■ **Problem to solve**:
The answer should be the exact lines from the line containing "Photos - Snowboard" through the last line of the material below, with no pictures.

■ **Available data**:
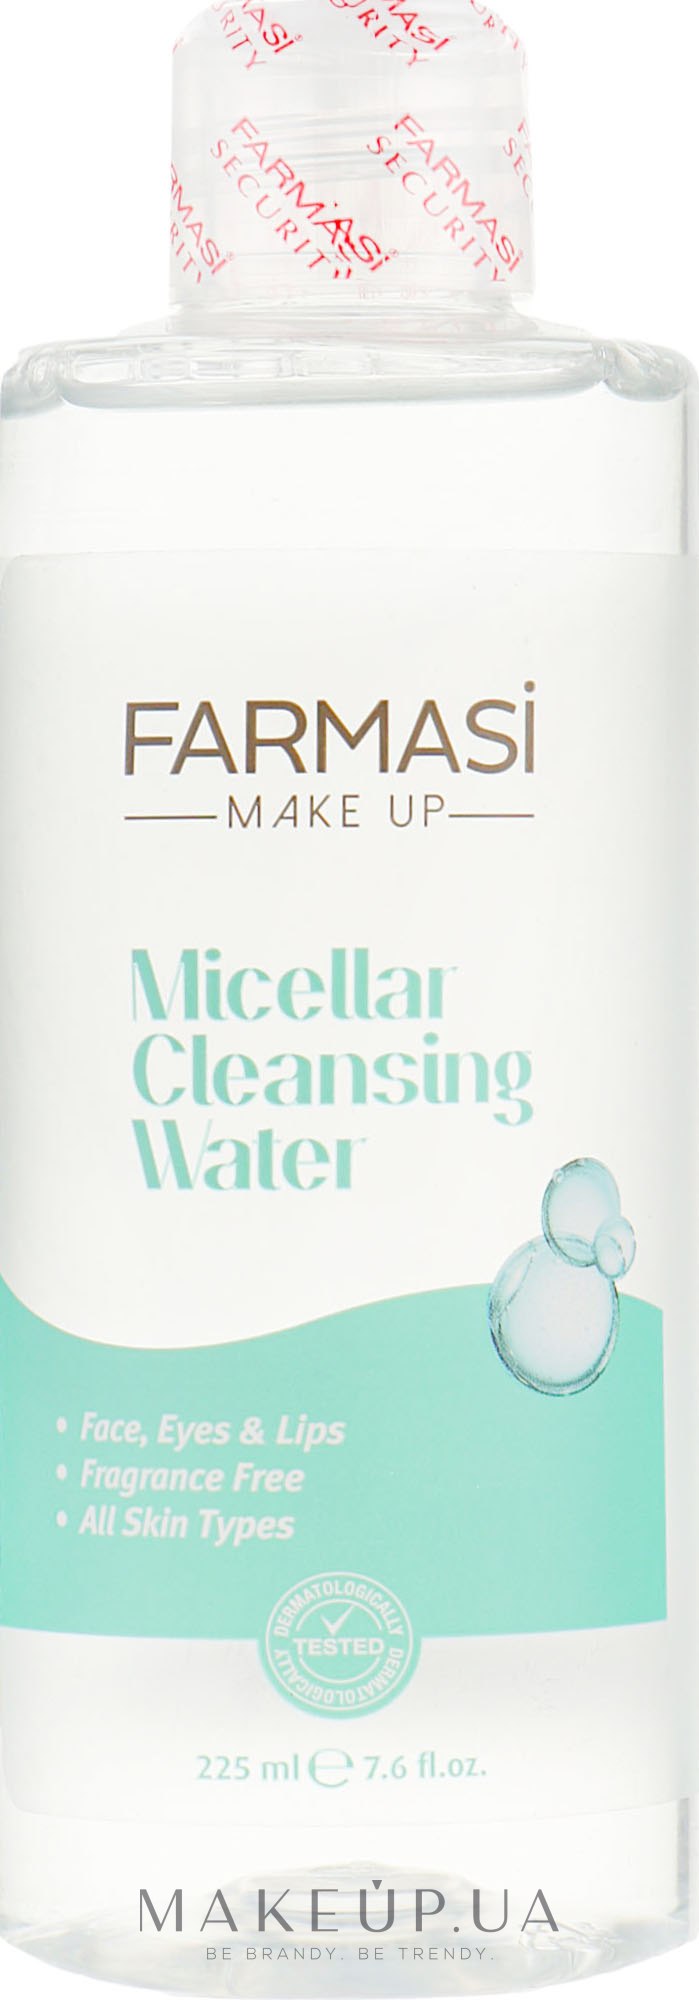 Міцелярна очищувальна вода для обличчя - Farmasi Micellar Cleansing Water — фото 225ml
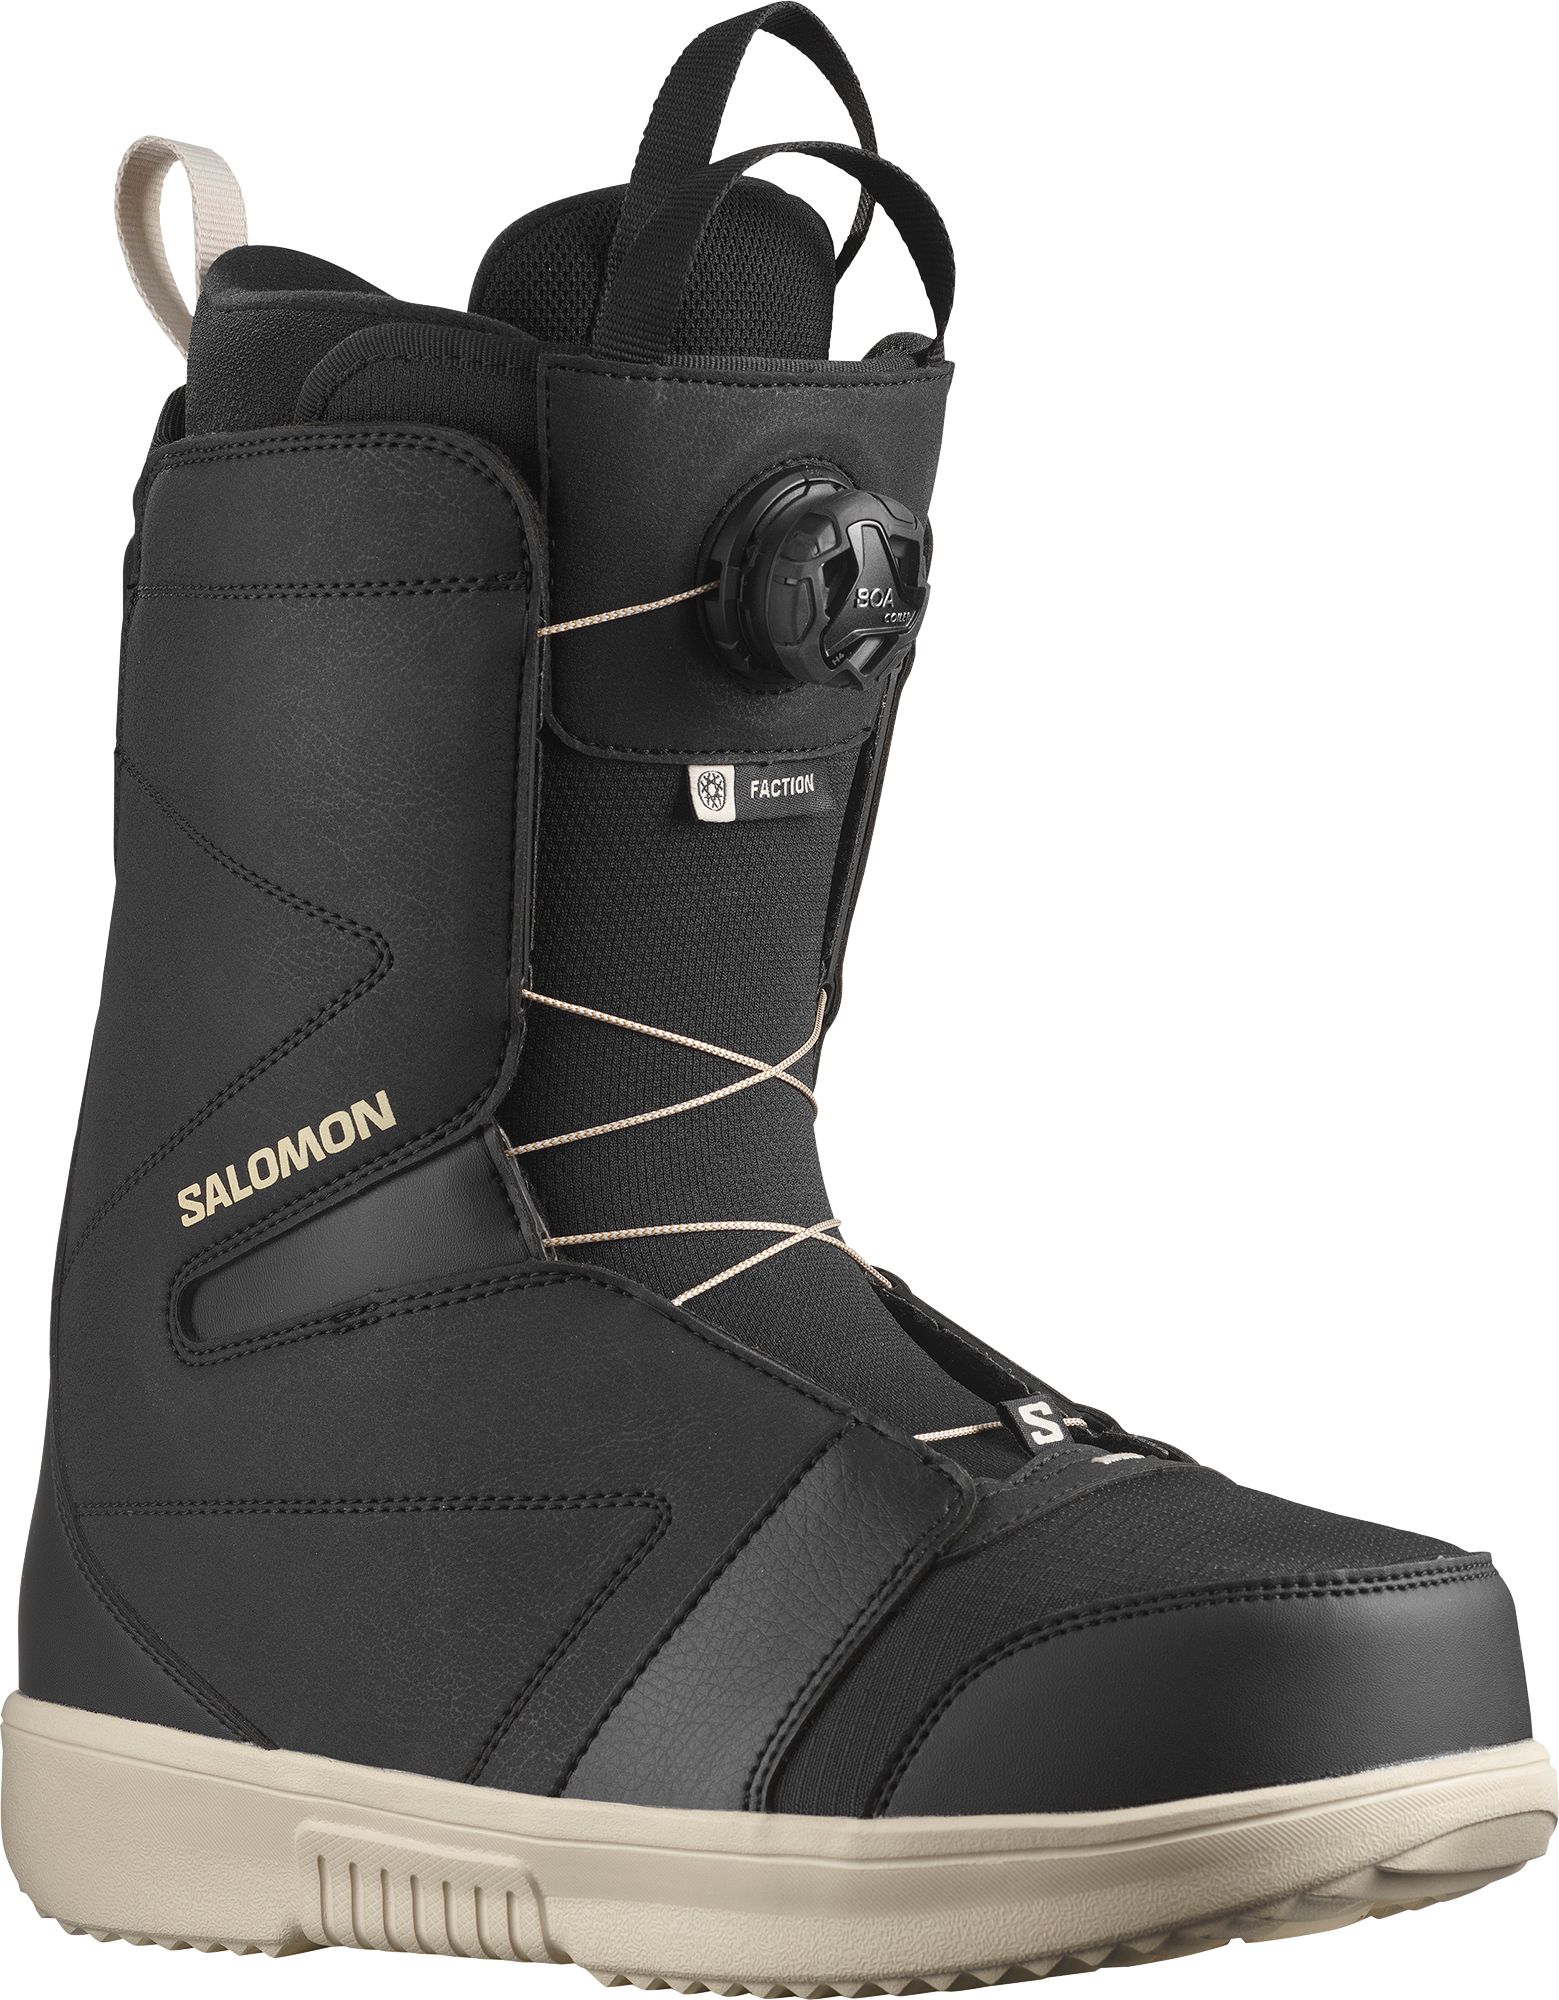 Photos - Snowboard Salomon '23-'24 Faction BOA  Boots, Men's, Size 11.5, Black/Black 
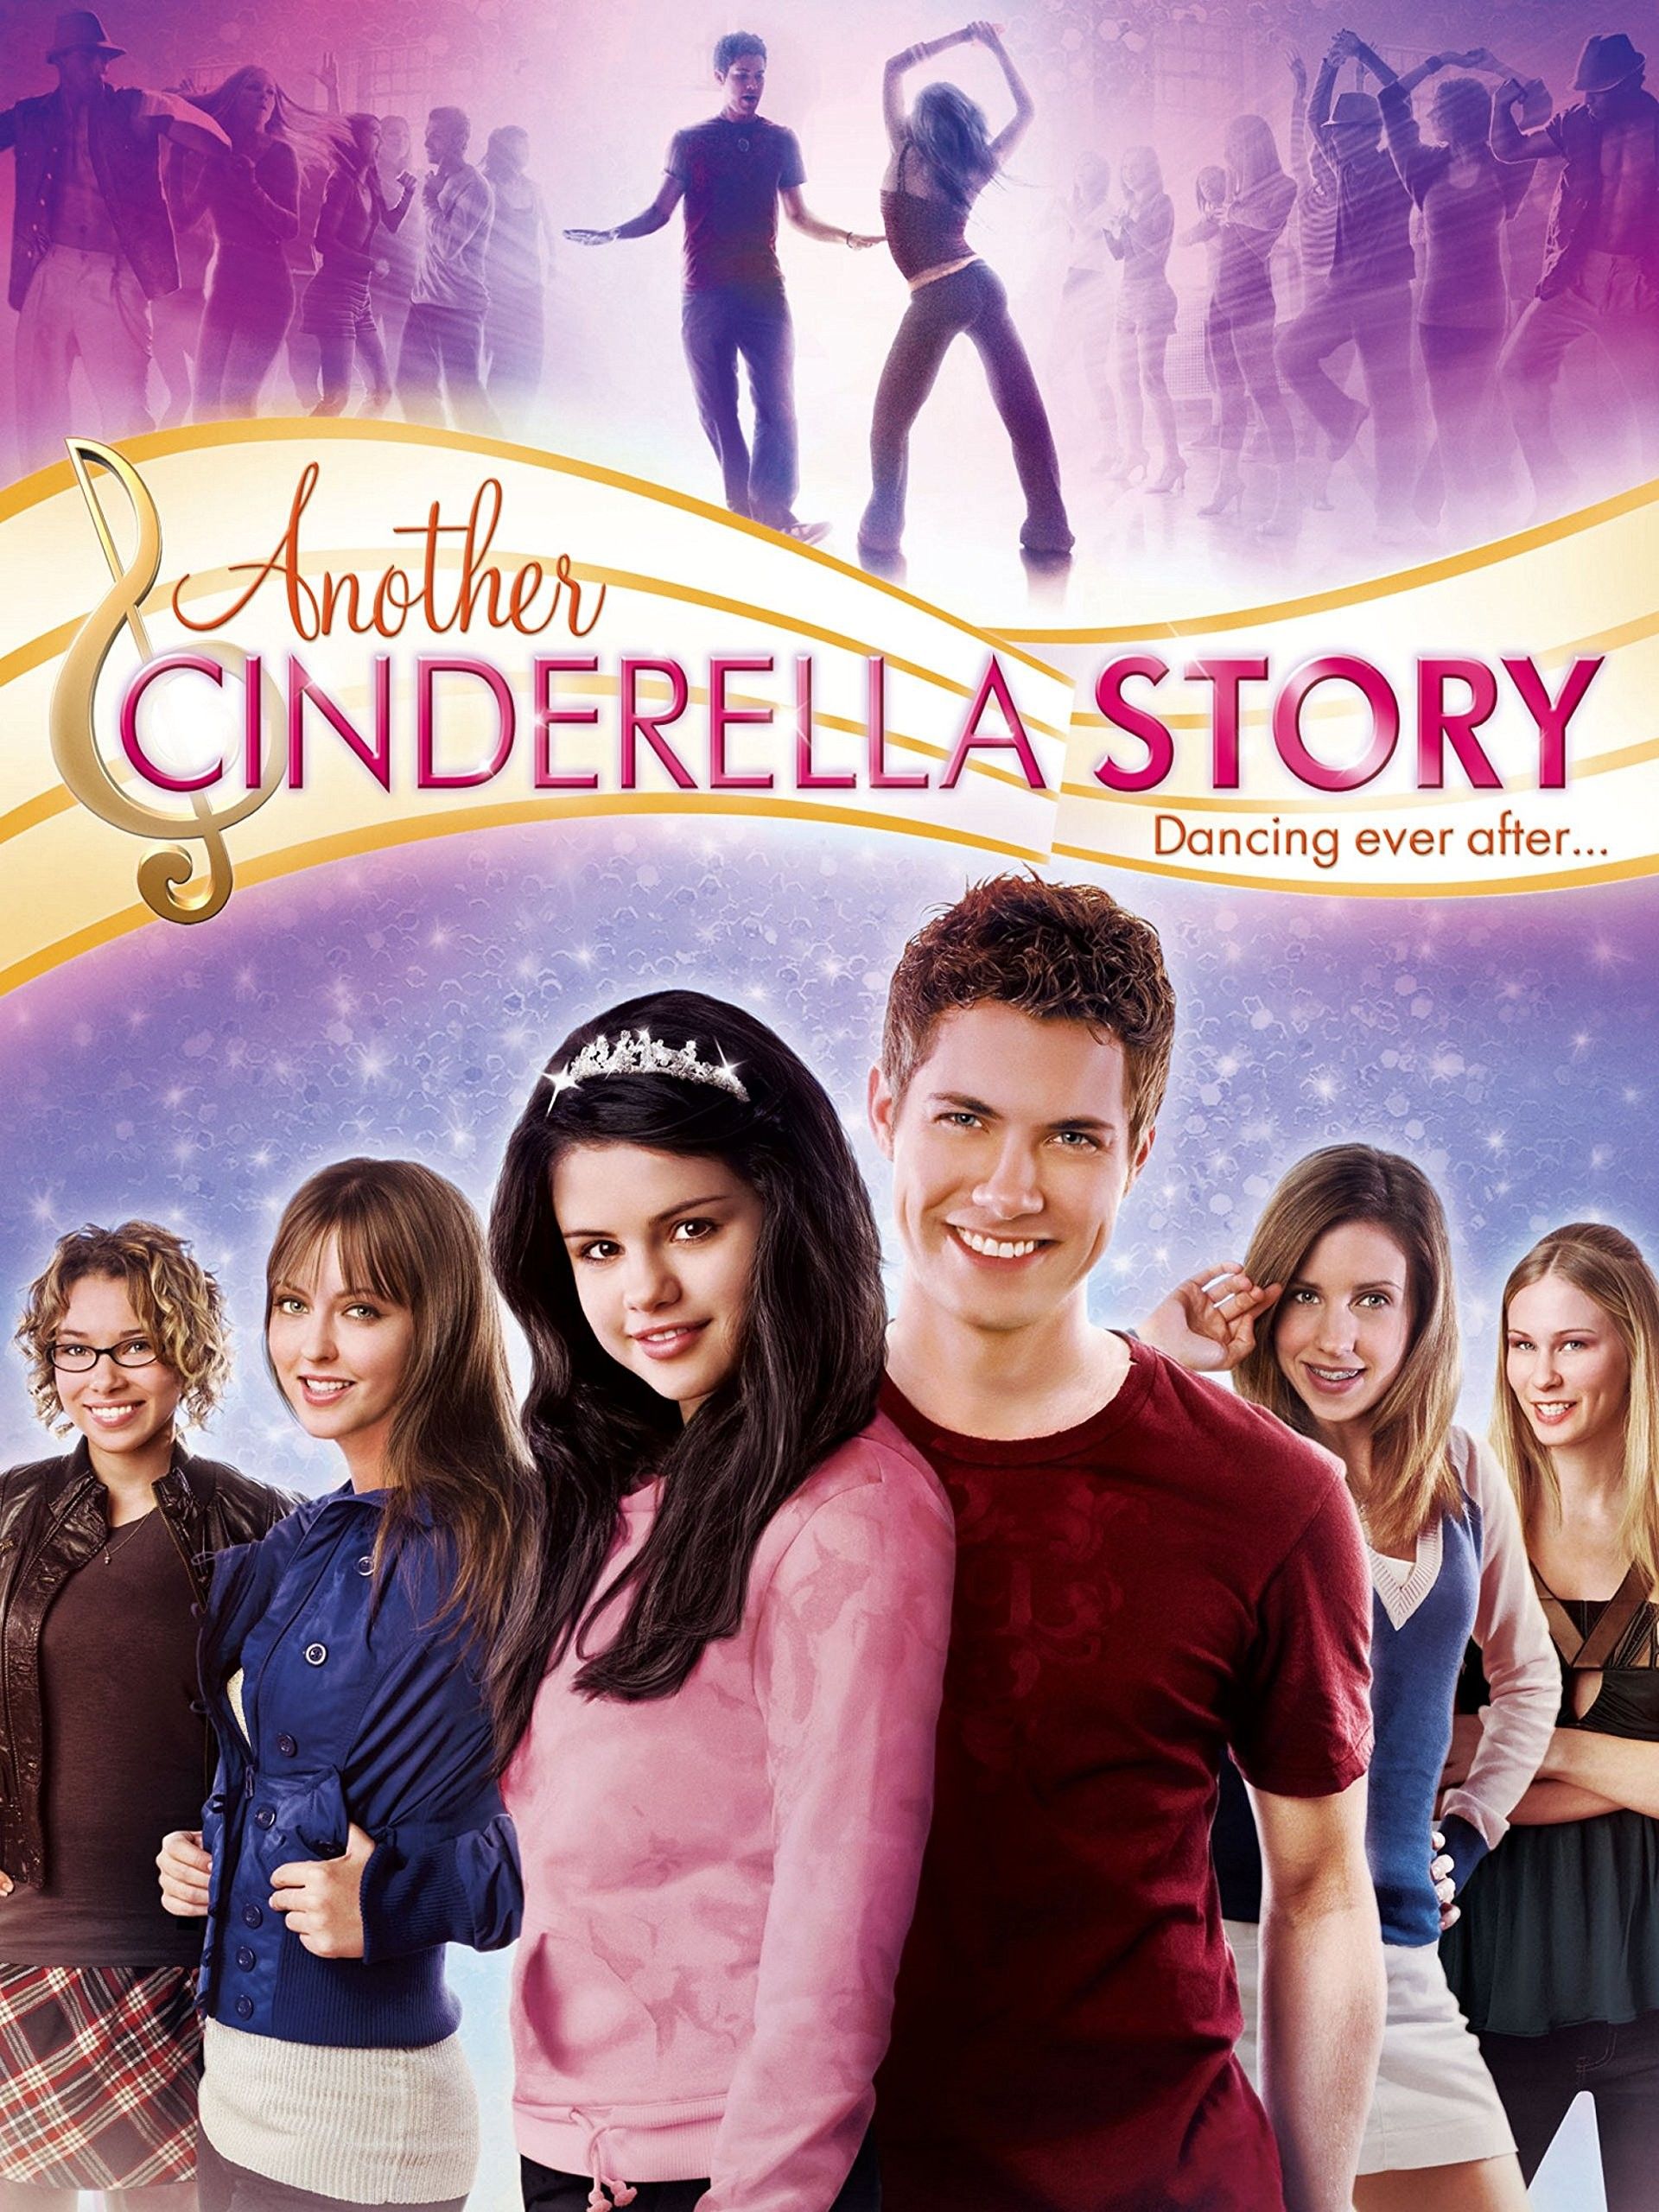 6 Film Terinspirasi Cerita Dongeng "Cinderella", Sudahkah

■ **Exercise answer**:
 Photos - Snowboard Salomon '23-'24 Faction BOA  Boots, Men's, Size 11.5, Black/Black 
 6 Film Terinspirasi Cerita Dongeng "Cinderella", Sudahkah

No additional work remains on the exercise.